BEIJING (Reuters) – China’s Communist Party chief Hu Jintao is seeking to cement his grip on power at a closed-door party meeting which began on Sunday while further whittling away at the residual influence of his predecessor, Jiang Zemin.
About 350 full and alternate members of the elite Central Committee opened a four-day plenary session which will decide the fate of Jiang ally Chen Liangyu, sacked as Shanghai party boss in September for channelling pension funds into illegal investments.
“It means that Hu Jintao is now more or less in full control, that the Jiang Zemin era has ended,” Joseph Cheng, a China watcher at City University of Hong Kong, said of Chen’s downfall.
The plenum, the sixth since Hu replaced Jiang as party chief in 2002, opened in Beijing, the official Xinhua news agency said without giving further details.
Analysts expect the meeting to strip Chen of his party membership and possibly turn his case over for prosecution.
In a power play, Hu took on Shanghai, Jiang’s political stronghold and China’s financial hub, to root out official graft and instil loyalty. Chen’s downfall crippled the “Shanghai Gang” of Jiang allies and proteges.
Chen and other independent-minded local leaders had defied the central government’s moves to cool the overheating economy.
“Take one out as a warning to a hundred,” political commentator Liang Kezhi said, quoting a Chinese saying.
Chen also lost his seat on the party’s 24-member Politburo, the first member of the decision-making body to be dismissed since 1995 when Jiang purged and jailed Beijing party boss Chen Xitong.
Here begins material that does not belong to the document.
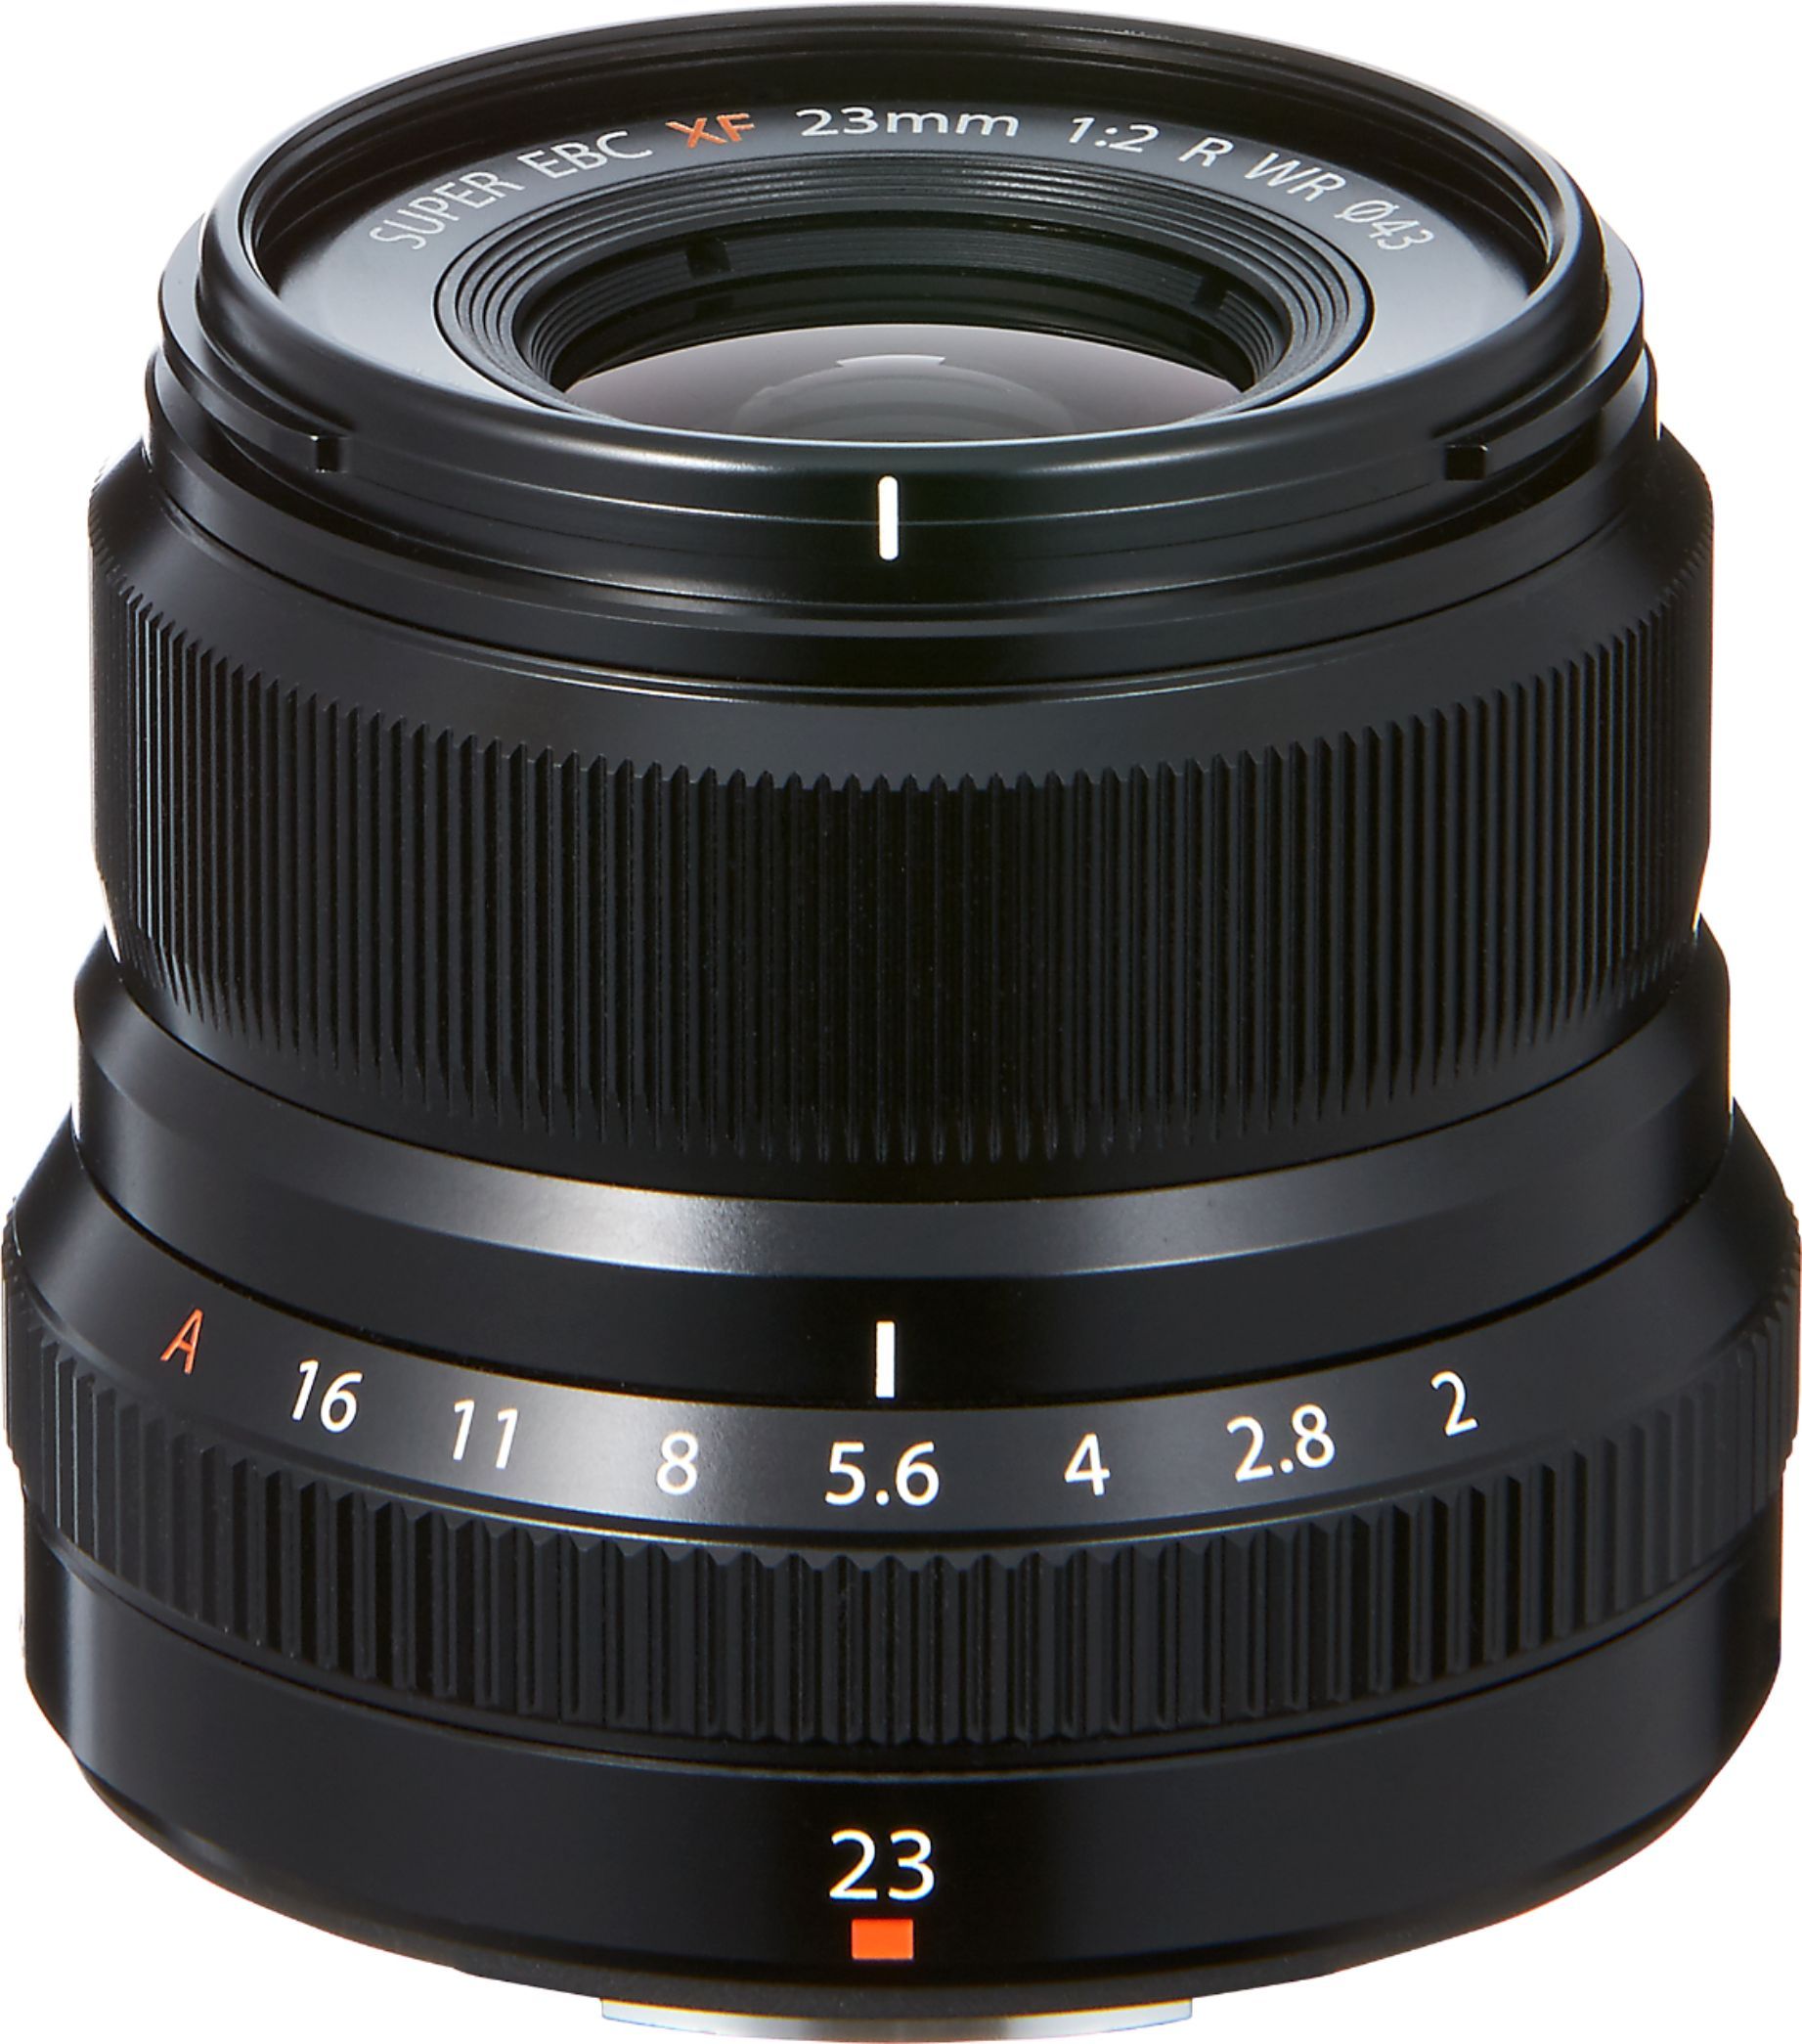 XF23mmF2 R WR Wide-angle Lens for Fujifilm X-Mount System Cameras Black 16523169 - Best Buy | Best Buy U.S.

The two Chens are not related.
HARMONIOUS SOCIETY
The plenum, or full assembly, of China’s ruling body is set to endorse Hu’s doctrine of building a “harmonious society” which will eventually replace Jiang’s “Three Represents” theory, which opened the party’s doors to private entrepreneurs.
Analysts say Hu’s doctrine is aimed at correcting Jiang’s mistakes while keeping his prestige intact and resolving a plethora of problems held over from the Jiang era.
Reforms during Jiang’s 13-year watch have been blamed for a yawning gap between rich and poor and between wealthy coastal regions and the impoverished hinterland.
Exorbitant medical, school and housing costs, land grabs and pollution spawned tens of thousands of protests a year.
The plenum will discuss policies aimed at achieving greater social equality and expanding inner-party democracy, analysts said.
Shanghai Mayor Han Zheng has been named the city’s acting party chief in an apparent attempt to contain any political fall-out from Chen’s ousting.
The jockeying is not limited to Shanghai. In the run-up to the plenum, Hu appointed a political ally as governor of the southern province of Hunan and another as party boss of the southern region of Guangxi.
Hu is likely to promote more allies to key posts in an effort to further consolidate power ahead of the 17th Party Congress next year. This is when a far-reaching leadership reshuffle is expected to ease top members of Jiang’s old guard out of their posts. A congress is held once every five years.
“Between this party plenum and the 17th party congress will be a time when Hu Jintao will be able to really consolidate his own power by putting his own people in,” said David Zweig, a China watcher at Hong Kong University of Science and Technology.